Inside of a courthouse

BoBrow v. Commissioner: New Rules for IRA Rollovers

Disclaimer: With Medicaid, VA, and insurance regulations frequently changing, past blog posts may not be presently accurate or relevant. Please contact our office for information on current planning strategies, tips, and how-to's.

June  2014 Update:

The IRS has announced they will not apply the Bobrow interpretation of § 408(d)(3)(B) to any rollover that involves an IRA distribution occurring before January 1, 2015.


Original Post:

When purchasing a Medicaid Compliant Annuity with tax-qualified funds (e.g. an IRA), an applicant has two options: (1) a direct IRA transfer or (2) a 60-day IRA rollover.


The direct transfer consists of a plan-administrator to plan-administrator transfer.  The applicant fills out an authorization form for the transfer, and the insurance company issuing the Medicaid Compliant Annuity would essentially obtain the funds directly from the custodian company.  This process can take between two weeks to two months complete, thus delaying eligibility until the transfer is completed.
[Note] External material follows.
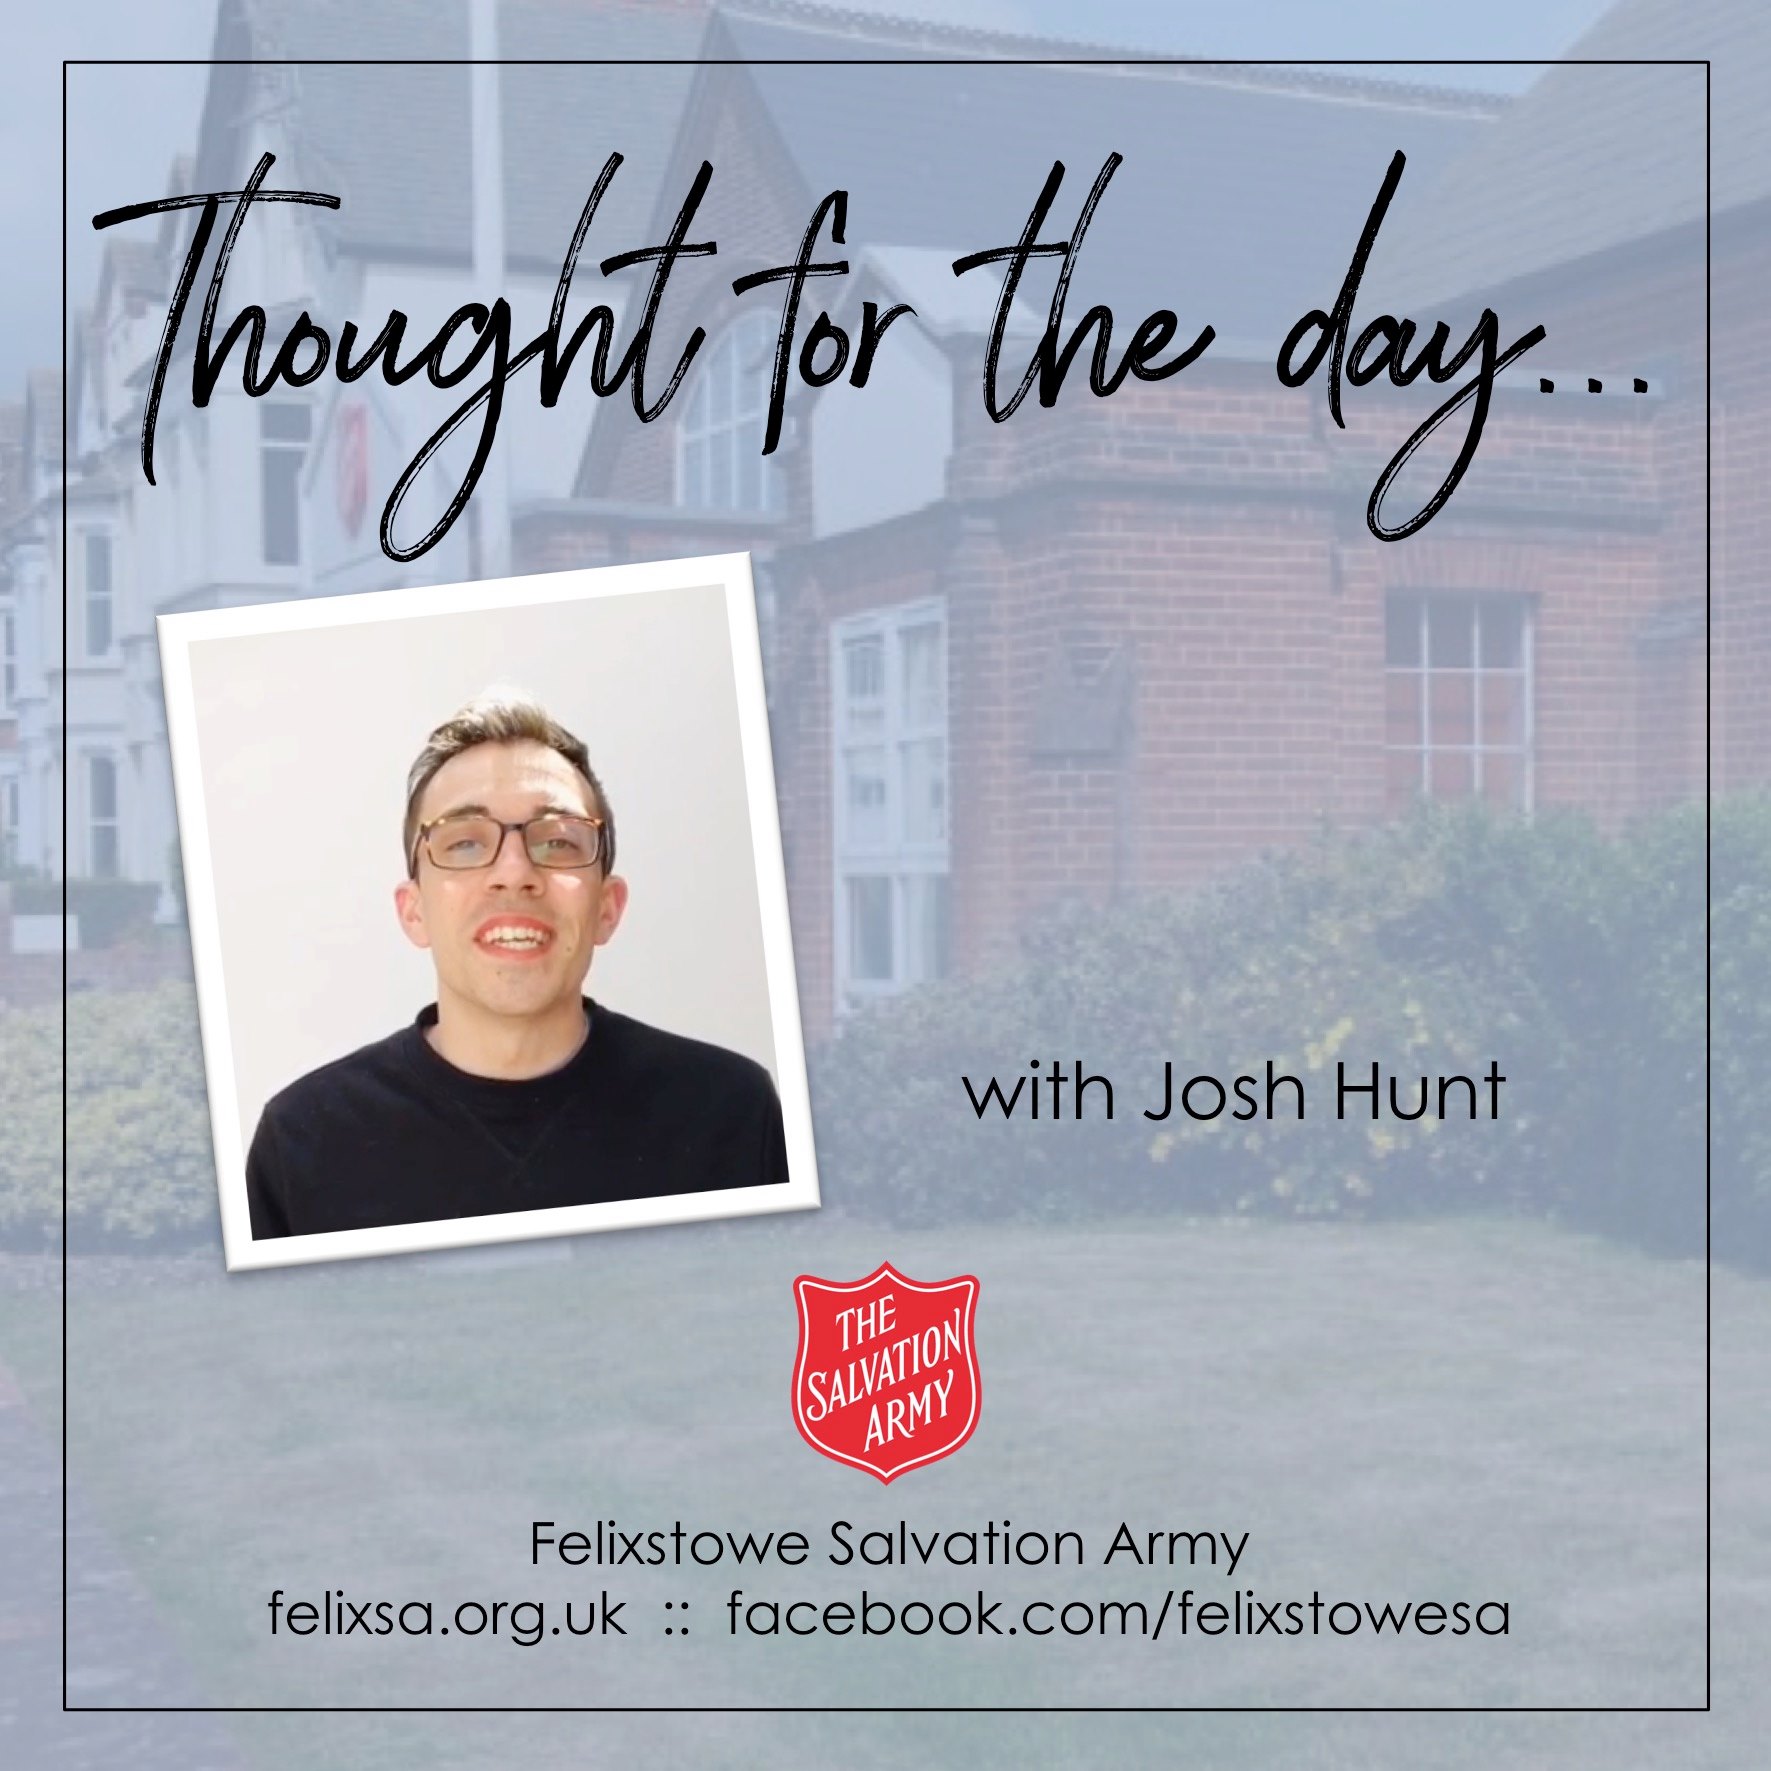 Thought for the Day with Josh Hunt

A 60-day rollover consists of the applicant contacting the company holding the tax-qualified funds and initiating a complete liquidation of the account without withholding any taxes.  The liquidation check is usually received within five to seven business days of the request, and as long as the funds are reinvested into the tax-qualified Medicaid Compliant Annuity within 60 days, immediate tax consequences would usually be avoided.


Individuals are allowed unlimited IRA transfers, and one IRA rollover per account, per year.  Or so everyone thought.


In Bobrow v. Commissioner, T.C. Memo 2014-21, the tax court held that the once-per-year limitation applies to all of a taxpayer’s IRA accounts: “Regardless of how many IRAs he or she maintains, a taxpayer may make only one non-taxable rollover contribution each one-year period.”  This contradicts the IRS’ interpretation of IRC § 408(d)(3)(B).  Publication 590 provides that “if you make a tax-free rollover of any part of a distribution from a traditional IRA, you cannot, within a one-year period, make a tax-free rollover of any later distribution from that same IRA.”


At this point in time, it is unclear as to what impact this decision will have.  Will the IRS change its approach to rollovers from multiple IRAs?  The tax court’s decision does provide a precedent that the IRS can rely on to do so.  I recommend consulting with a tax advisor before moving around IRA funds in a Medicaid or VA planning case involving an individual that owns multiple IRAs.  It may be best to space out the rollovers, or opt to use a direct transfer and bypass the issue completely.


Sign In to Comment on this Article

  1. Samie Rossi The Hughes Law Firm says:

    With this new decision, would the annuity company allow for the transfer of multiple IRA accounts to then fund one SPIA?

    • Dale Krause says:


      The ruling outlined that one IRA rollover, per individual, could be made each year. Not per account. That being said, if you opted to follow the decision, multiple IRA rollovers into one SPIA would be an issue. However, multiple IRA transfers into one SPIA would be a means of bypassing any potential issue.